The fathers expressed a strong desire for regular meetings. Not for what many might term as handouts, but for connection. They wanted a space where they could be seen, not judged. Heard, not dismissed.
That is how, on June 15, Father's Day, these young men reconvened at St. Charles Lwanga Vocational Training Centre in Kibera in the presence of older men and fathers, but this time, to share a meal and simply celebrate with their children.
Fathers like Romoro were among those in attendance, with the youngest just 18 years old and already a dad of two.
Most of them had one thing in common: they were parenting alone. Out of the 21 dads, very few of them showed up with their children’s present mothers.
I would later have a chat with Romoro, who opened up about how fatherhood changed his life. He was studying to become a plumber when he found out he was going to be a father.
“I had to drop out,” he says. “There was no way I could keep up with fees and still take care of my son.”
Like most, if not all of them, Romoro lives hand to mouth, surviving on casual work, unsure where the next meal will come from.
Hope, his now one-year-old son, was recently diagnosed with anaemia shortly after birth, adding medical concerns to an already heavy load.
Unfortunately for him, Hope’s mother isn’t as present in the child’s life as Romoro had hoped, leaving him to shoulder most of the responsibility.
But he doesn’t share his story with bitterness. Instead, he speaks with quiet resolve.
“Imenifanya nijitume zaidi,” he says, all the while keeping a keen eye on a playing Hope nearby.
Baba Hope, as I refer to him during our chat, hopes to one day go back to school, finish his plumbing training, and secure stable work so he can provide more fully for Hope.
Denver’s story echoes the sentiments of many other young fathers he’s now bonded with. While some have experience in trades like mechanics, cooking, videography, or masonry, they lack formal training and certification.

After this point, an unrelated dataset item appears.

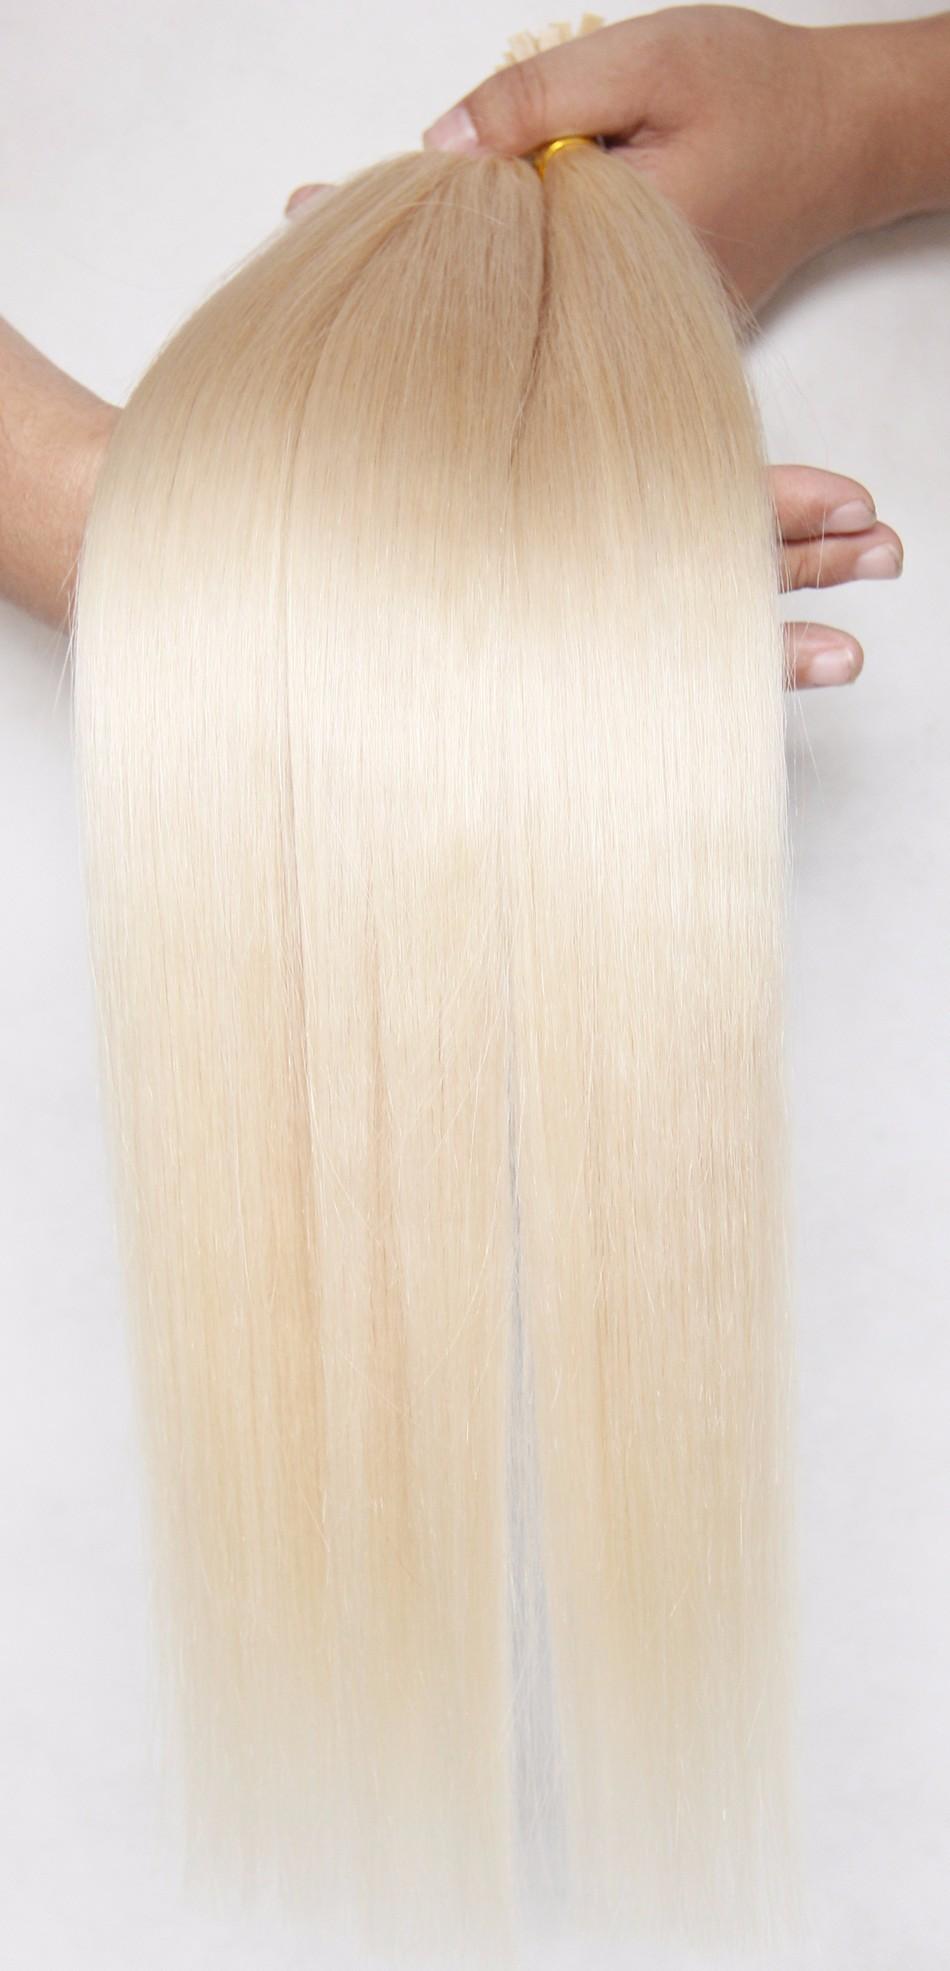 9A Brazilian Flat Tip Hair Extensions Straight Double Drawn Virgin Hair Pre Bonded Hair Extension Keratin fusion hair extensions

They recognise the need to complete their training and start monetising these skills to sustainably provide for their children.
With this initiative, it is safe to say that they now have hope. From that first raw conversation in Mashimoni to a joy-filled Father's Day celebration, this budding movement is proof that change doesn’t always come through grand programs or gestures. It starts with taking action and showing up, again and again.
Romoro and his fellow fathers may not have much to work with, but they make up for it in resolve.
With this newfound brotherhood, it’s encouraging to know they’re no longer going to walk the journey of fatherhood alone.